Escape Room In A Box: Flashback Review - The Second Best At-Home Escape Room

NOTE: This article is a contribution and do not necessarily represent the views of Player One.
Escape Room In A Box: Flashback is filled with brain-bending puzzles, but it seems like they could be more appropriately themed
Escape Room In A Box: Flashback is filled with brain-bending puzzles, but it seems like they could be more appropriately themed Mattel

Escape rooms are all about putting participants into a 3D puzzle, filled with small nooks and crannies to hide away the answers. A good escape room involves people tearing things off the walls, scrounging through bookshelves and getting completely immersed in whatever theme the particular escape room features. While it’s impossible to perfectly replicate that kind of environment at home, especially with a product that comes out of a box, the team at Escape Room In A Box is far more successful than any other.

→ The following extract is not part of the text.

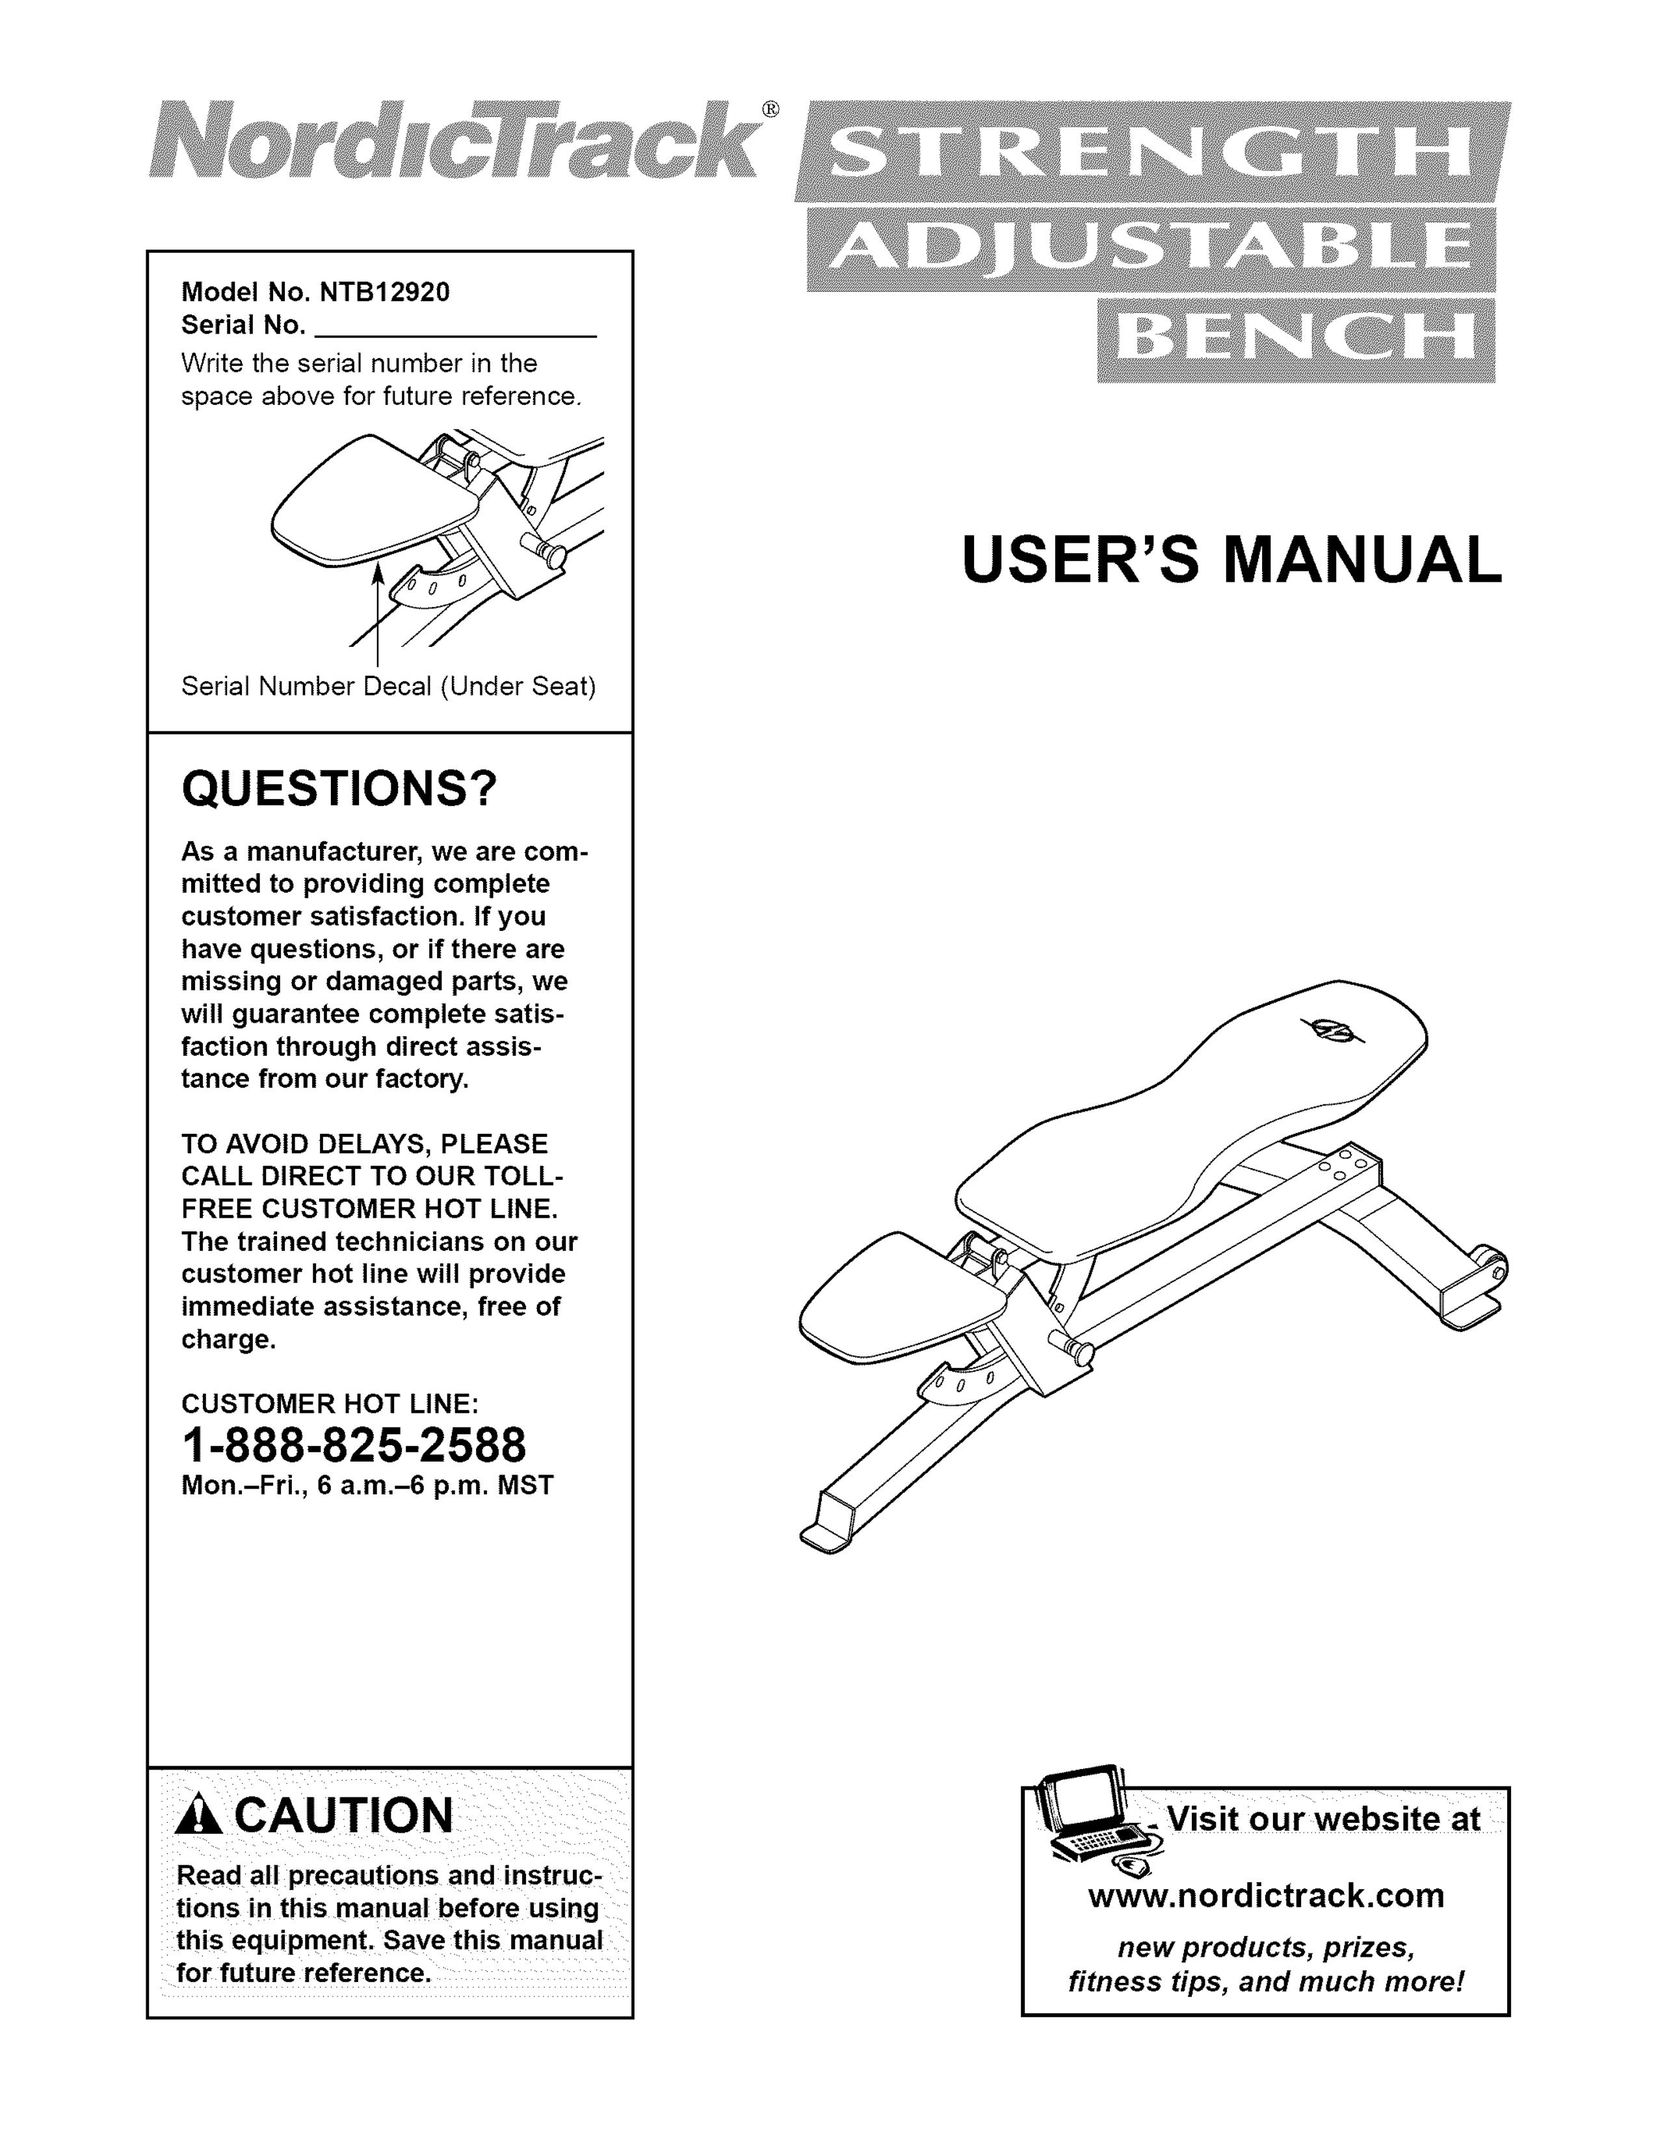 NordicTrack NTB12920 Fitness Equipment User Manual

The second effort from the puzzlers at Wild Optimists, Escape Room In A Box: Flashback, is full of physical surprises, while still featuring more traditional pen and paper puzzles. This time, players must race against the clock to escape “pain and torture” from the puzzle’s antagonist, Doc Gnaw. The only way out is to crack open four locked containers to build a ring that can reverse the process of being turned into a werewolf.

Everything players are given at the start of Flashback
Everything players are given at the start of Flashback Mattel

Without spoiling any of the puzzles or surprises, Escape Room In A Box: Flashback is filled with content. One of the best aspects of the game is it always seems like there is something else to do. When playing with a group, people can jump from one puzzle to the next, handing each one off to someone else to get a fresh set of eyes on the problem.

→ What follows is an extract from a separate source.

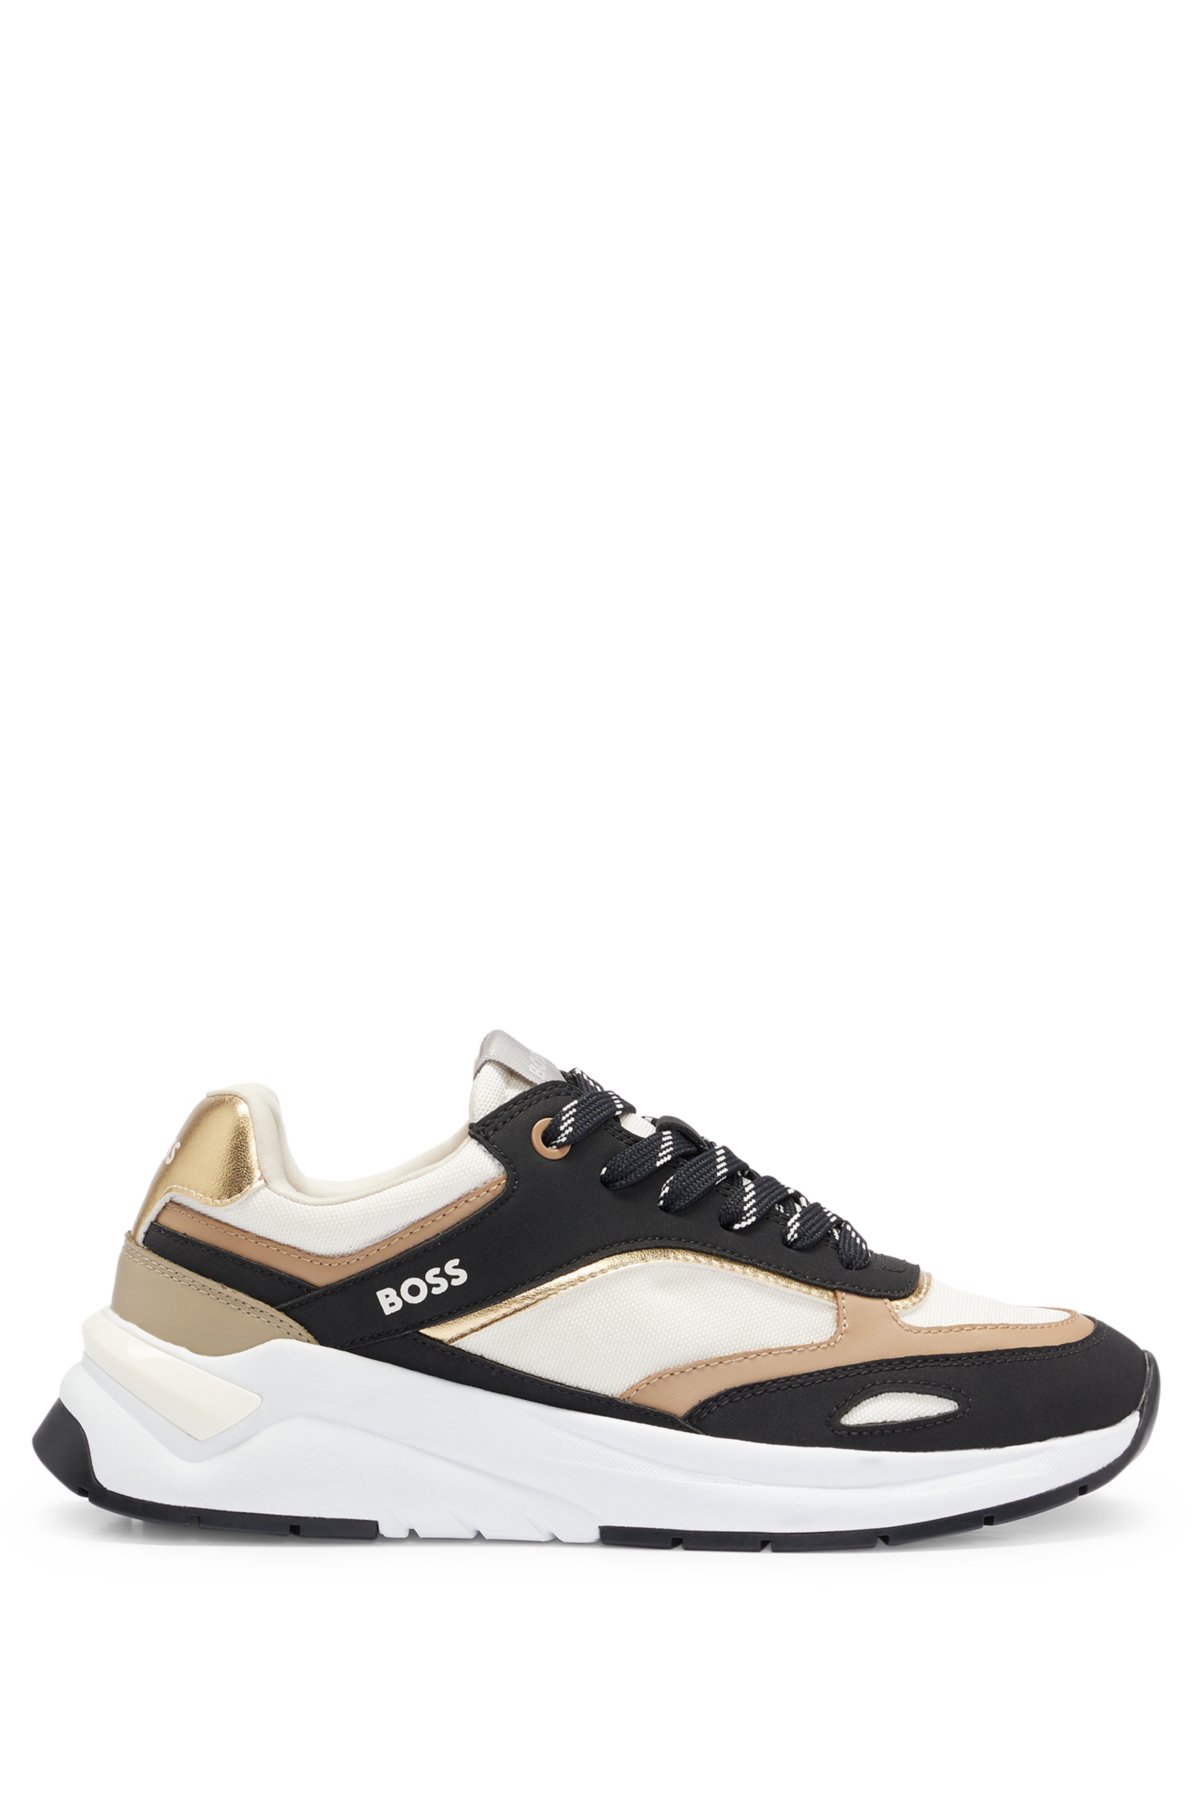 BOSS - Mixed-material trainers with metallic details

The puzzles also have some great variety, so if you are more a word person or a number person, or even someone who thrives on physical puzzles, there’s something just right for you. Of course, like a real escape room, there are puzzles in Flashback where you feel like the answer is just within reach, but you can’t quite put together the final piece to solve it.

The components in Flashback are all pretty solid. While the plastic padlocks could probably just be pulled open if you yanked hard (which would obviously ruin the fun of figuring out the answers), they are sturdy enough that you can get several wrong efforts before finding the proper solution. There are a few other fun components hidden away in Flashback, but I’ll let you find those for yourself instead of ruining the surprise here.

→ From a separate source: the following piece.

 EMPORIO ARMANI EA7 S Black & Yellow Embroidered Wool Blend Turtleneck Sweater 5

The headline of this review mentions that Flashback is the second best at-home escape room, and that’s because it doesn’t quite live up to its predecessor, Escape Room In A Box: The Werewolf Experiment. While the puzzles in Flashback are fun and give you quite the mental workout, the overall theme of Flashback isn’t felt as strongly as The Werewolf Experiment. The puzzles seem a little disjointed and the overall narrative didn’t serve as a major motivating factor for our group.

Additionally, while it felt like we completed the overall goal of Flashback by building the ring to save us from a serious case of lycanthropy, we didn't solve all of the puzzles to get there, and missed out on the final step. It does seem a little cheap how the last step is implemented, but I don't want to spoil it for anyone who may want to give it a go.

There was also a lack of those big “A-ha!” moments found in The Werewolf Experiment. I fondly remember a certain moment involving a pencil in the first Escape Room In A Box, along with a hidden blacklight, but Flashback only had one minor moment that could compare. It would have been nice to see more ways to explore built into Flashback like what was found in The Werewolf Experiment.

Another issue is that Flashback, like any other at-home escape room, lacks replayability. It’s possible to print out new puzzle sheets and reset the locks, but once you know the answers, the puzzles aren’t as fun to solve. Thankfully, Flashback is relatively inexpensive, and can be bought right now on Amazon for around $20. Considering how going to a proper escape room would probably cost around $20 per person, this at-home experience is a steal by comparison. Once completed, I suppose you could put everything back together and pass it along to a friend.

All in all, Escape Room In A Box: Flashback is a really fun recreation of an escape room for your home. There are physical doo-dads to play around with, tough puzzles to crack, and a great feeling of accomplishment when you unlock each of the padlocks. While Flashback doesn’t quite live up to its predecessor in terms of a compelling mix of puzzles, theming and surprises, it still stands tall over other at-home escape room experiences and cements the Escape Room In A Box brand as the one to beat.